**ASSIGNMENT:**
Your answer must be an exact copy of the data, without any pictures.

**RECORDS PROVIDED:**
-*-*-

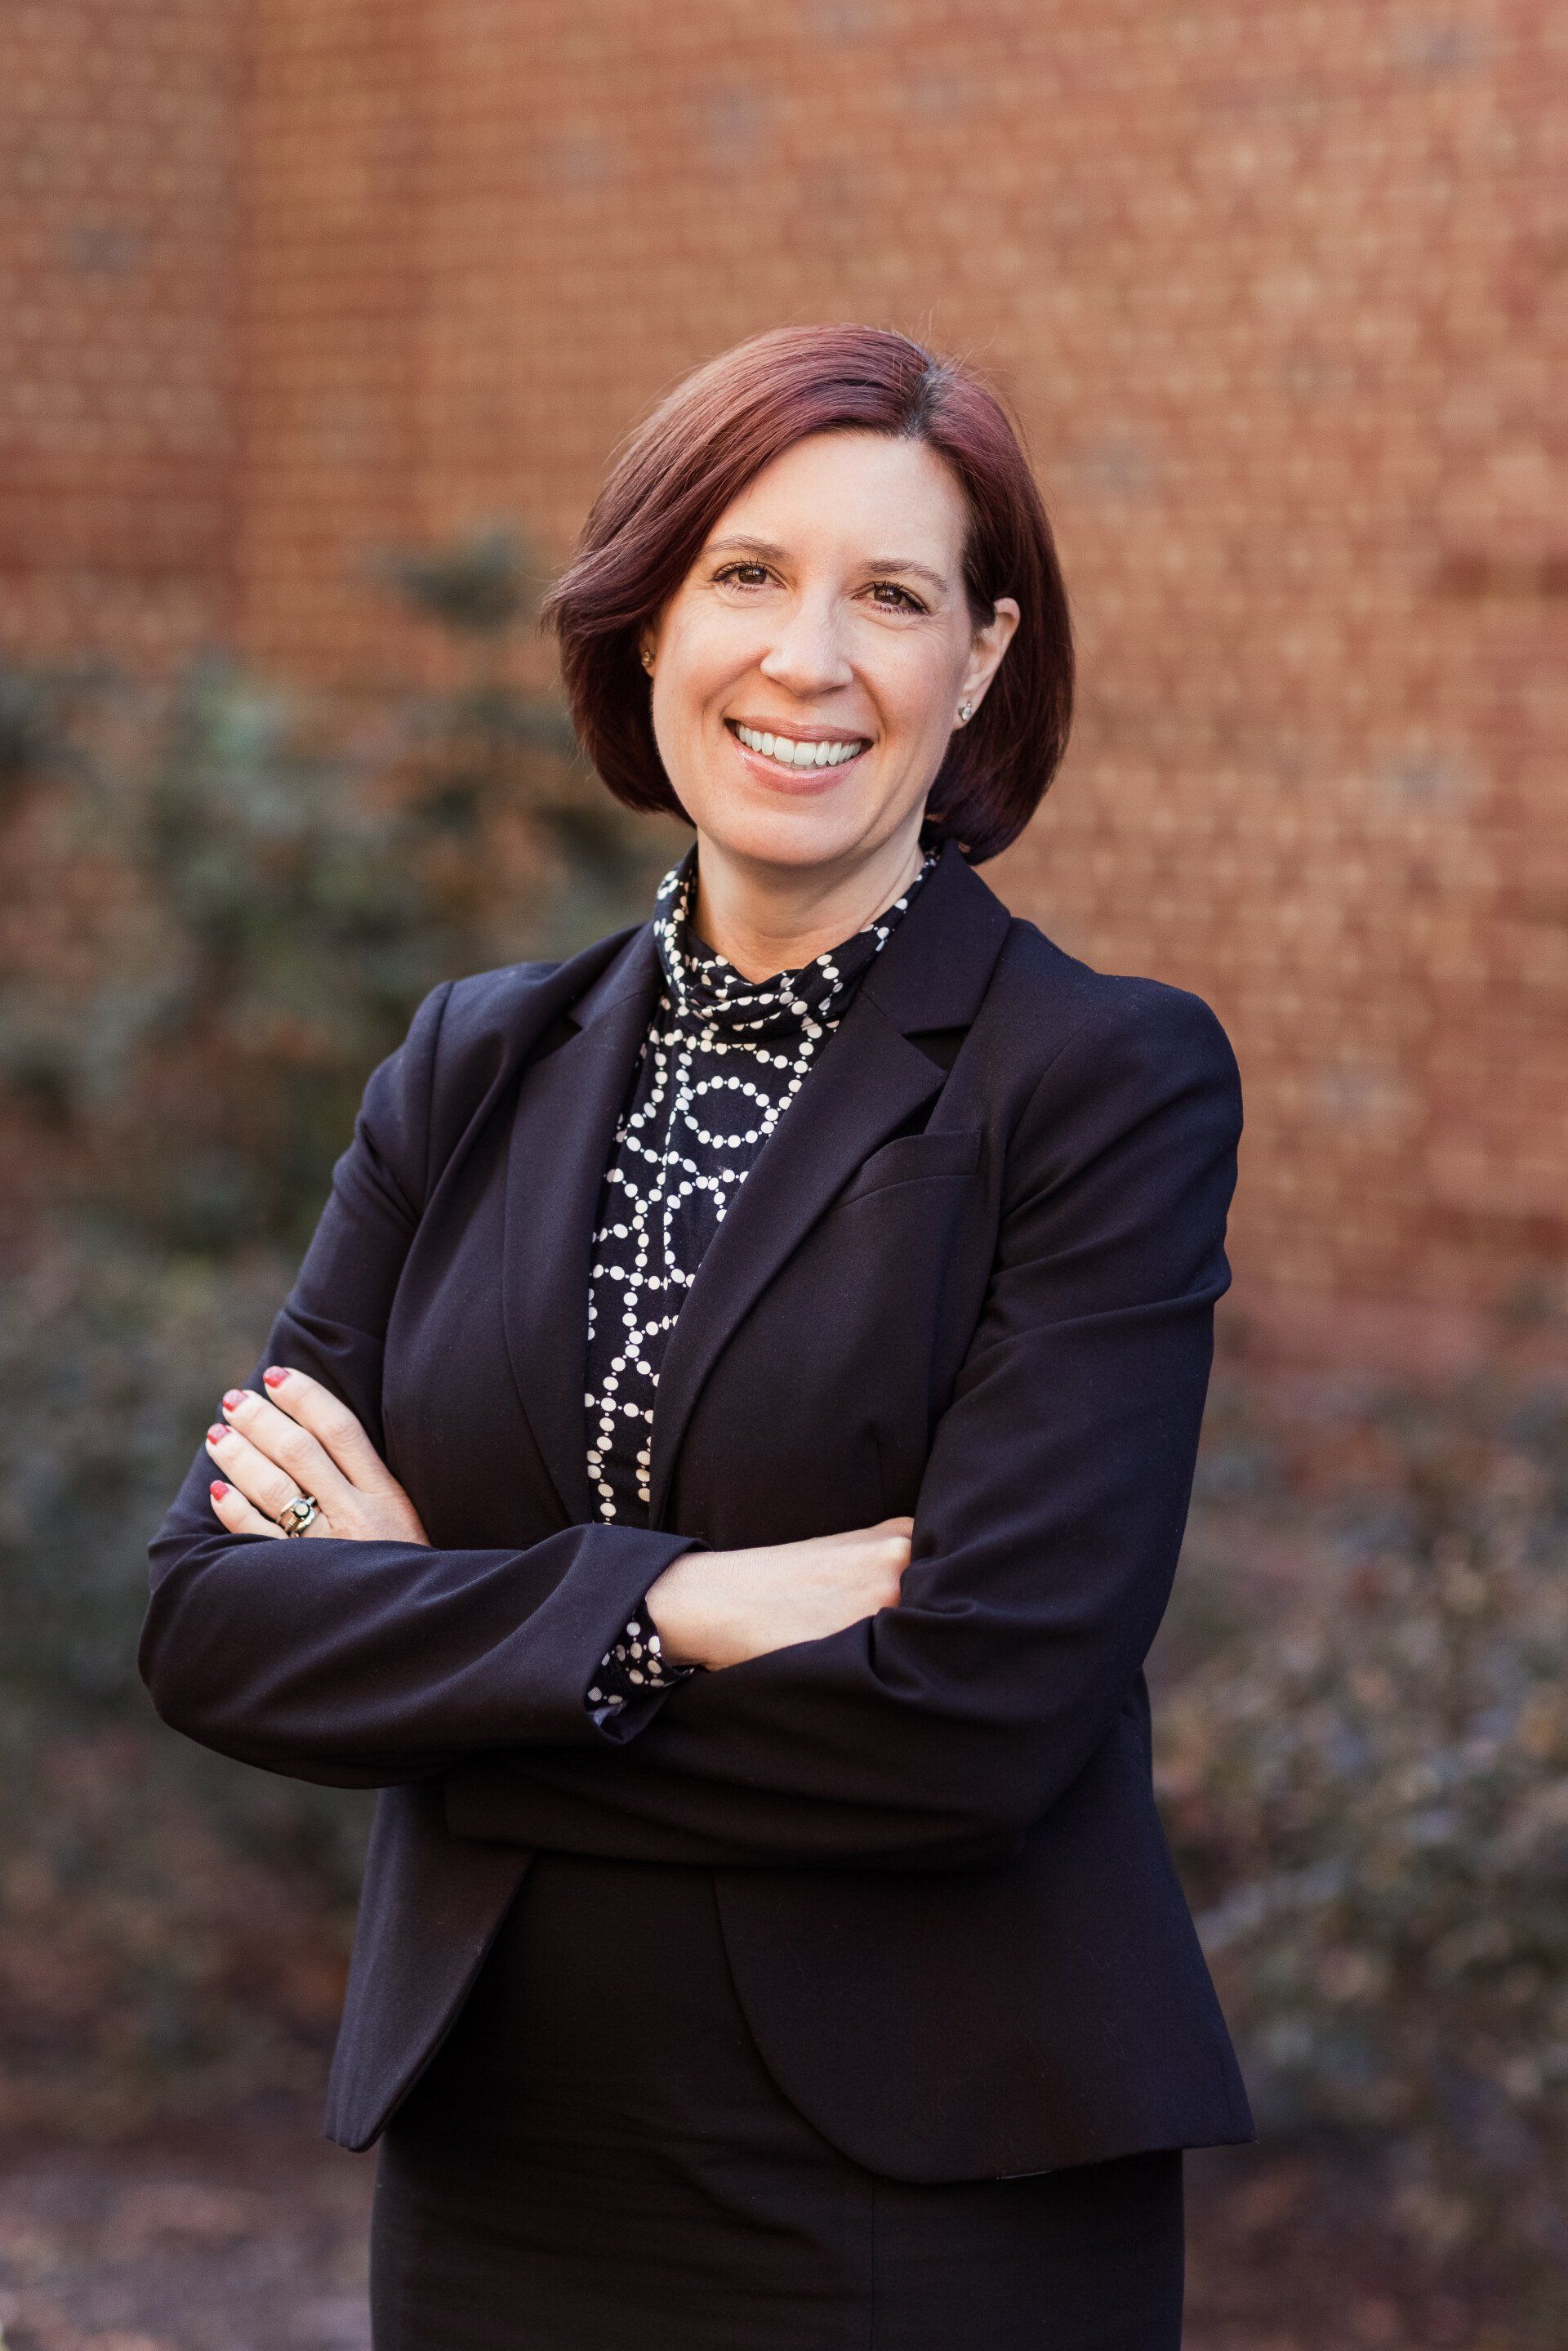 Hire of New Attorney Brings Expansion to Title IX and Civil Practice
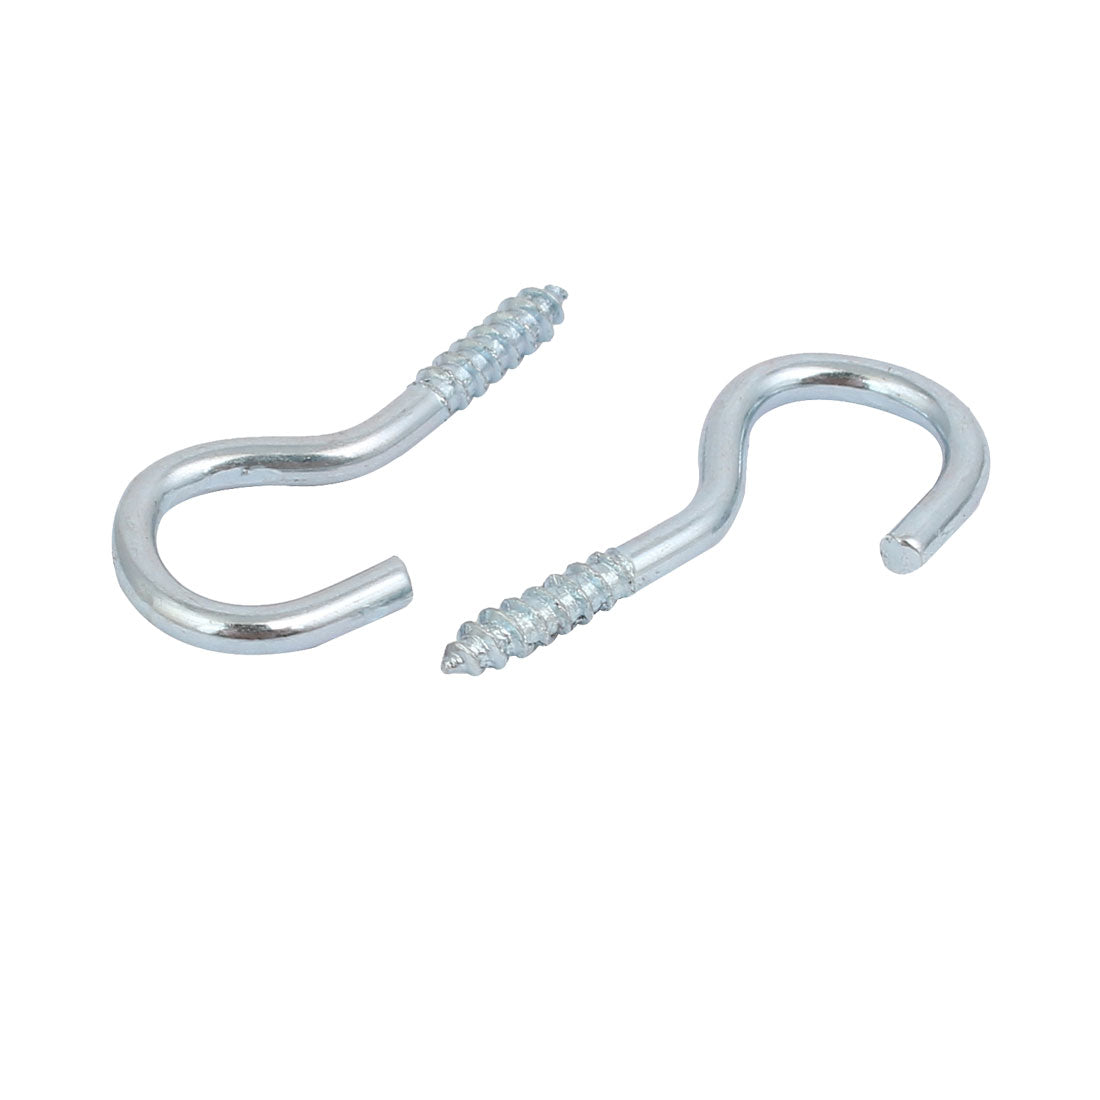 uxcell Uxcell 5.3mm Opening Width 25mm Length Zinc Plated Self-Tapping Cup Screw Hook 50pcs
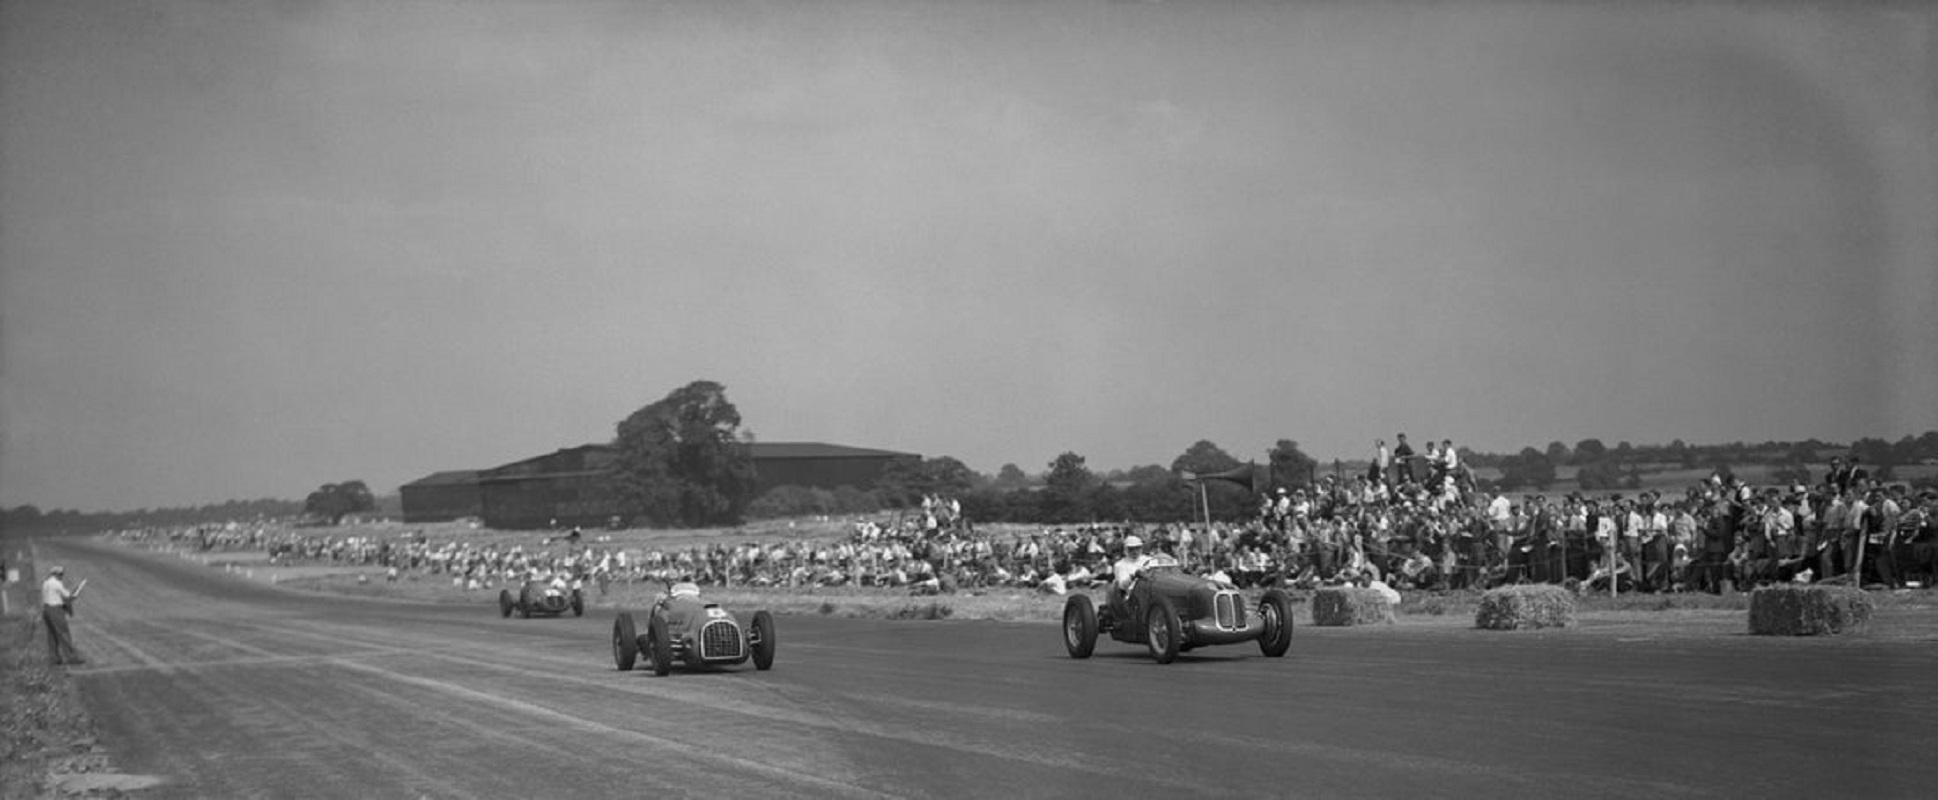 "Ascari At Silverstone" by Express

25th August 1949: Italian motor racing driver Alberto Ascari (left) approaching Stowe Corner in a Ferrari during the Daily Express Motor Rally at Silverstone, UK.

Unframed
Paper Size: 30" x 40'' (inches)
Printed

-*-*-

**RESULT:**
 Hire of New Attorney Brings Expansion to Title IX and Civil Practice
 uxcell Uxcell 5.3mm Opening Width 25mm Length Zinc Plated Self-Tapping Cup Screw Hook 50pcs
 "Ascari At Silverstone" by Express

25th August 1949: Italian motor racing driver Alberto Ascari (left) approaching Stowe Corner in a Ferrari during the Daily Express Motor Rally at Silverstone, UK.

Unframed
Paper Size: 30" x 40'' (inches)
Printed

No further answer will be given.